Narrated by Flopsy (Margot Robbie), Peter Rabbit 2: The Runaway opens with the wedding of Bea (Rose Byrne) and Farmer McGregor’s heir, Thomas McGregor (Domhnall Gleeson).  Though the earlier, potentially deadly conflicts between Thomas and Peter (James Corden) have been resolved, and although Peter in fact does his best to help protect Thomas’s garden, Thomas continues to perceive him as at best mischievous.

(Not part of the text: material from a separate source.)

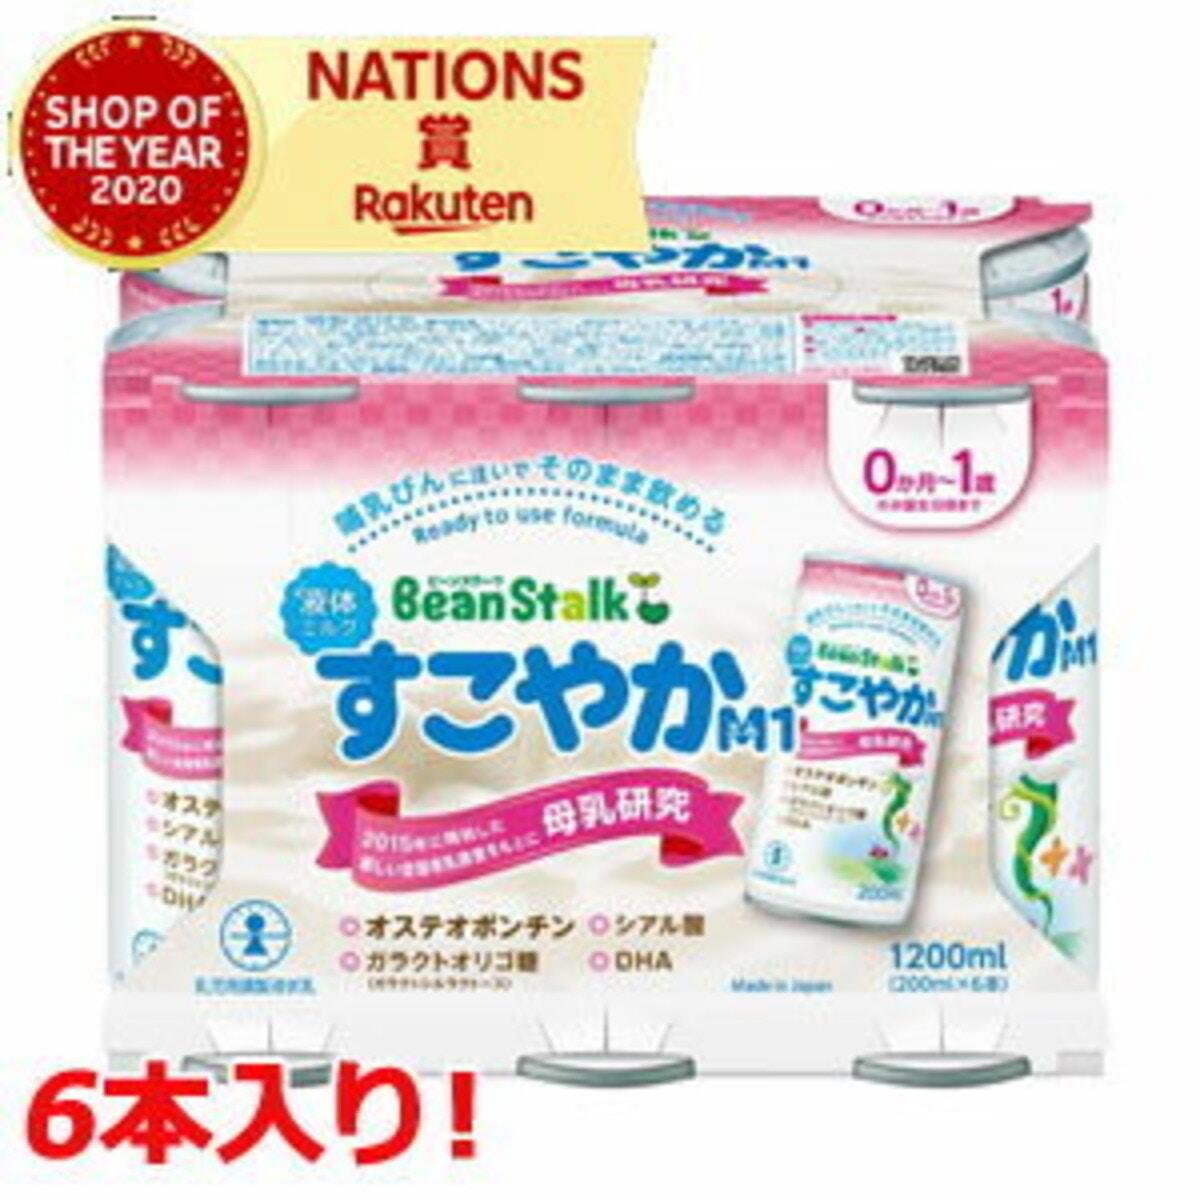 雪印ビーンスターク「液体ミルクすこやかM1」6本セット

The success of Bea’s book of the rabbits’ adventures (as appear in director Will Gluck’s original Peter Rabbit film) results not only in fame for the rabbits but also in the interest of multinational book publisher Nigel Basil-Jones (David Oleyowo) in having Bea write the rabbits into unnatural settings. But Thomas becomes concerned that publication pressures are overwhelming Bea’s artistic integrity.  And when Nigel and his publishing team begin promoting Peter as a villain for future books, Peter feels so misunderstood that he quietly walks away — only to be recruited into a criminal gang of rabbits and cats for an unprecedented heist.

Peter Rabbit 2 matches the earlier Rabbit movie in the insights it offers both into Peter’s difficulties with others’ perceptions of him and into the character traits that underlie his many accidents; and it lets us understand Bea’s and Thomas’s own struggles with fame.  At the same time, the film is never less than funny throughout, and is often, especially in terms of physical comedy, hilarious, with every animal living on the property responding to new, imaginative, challenges — especially the challenges of the big city — in his or her own characteristic way, and this sequel draws out beautifully the various Rabbit family members’ unique characteristics.

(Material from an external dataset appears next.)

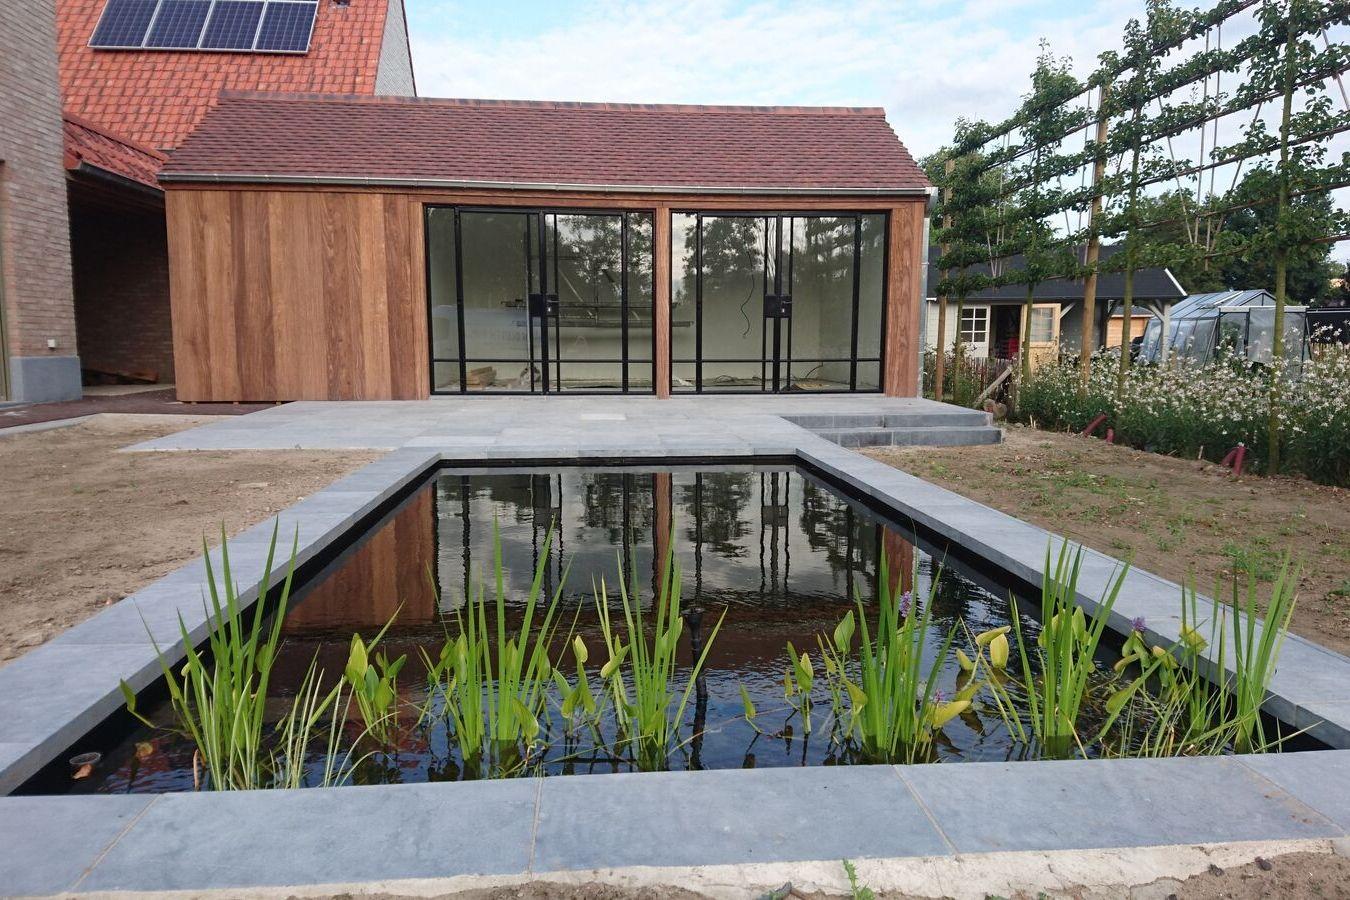 Stalen buitendeuren in praktijkruimte - Pivotdeur tuinhuis - Stalen buitendeuren - Stoeltjesprofiel - Stalen Deuren Huys

With seamless blending of astonishingly lifelike animal characters into the live action throughout; a driving soundtrack suitable to the story and its audience; and jokes for everybody, Peter Rabbit 2: The Runaway will make anybody aged four or more laugh at its many unfortunate moments; it is uncompromisingly hilarious.  See it in time to catch it more than once.

Screening at Dendy, Hoyts, and Palace cinemas.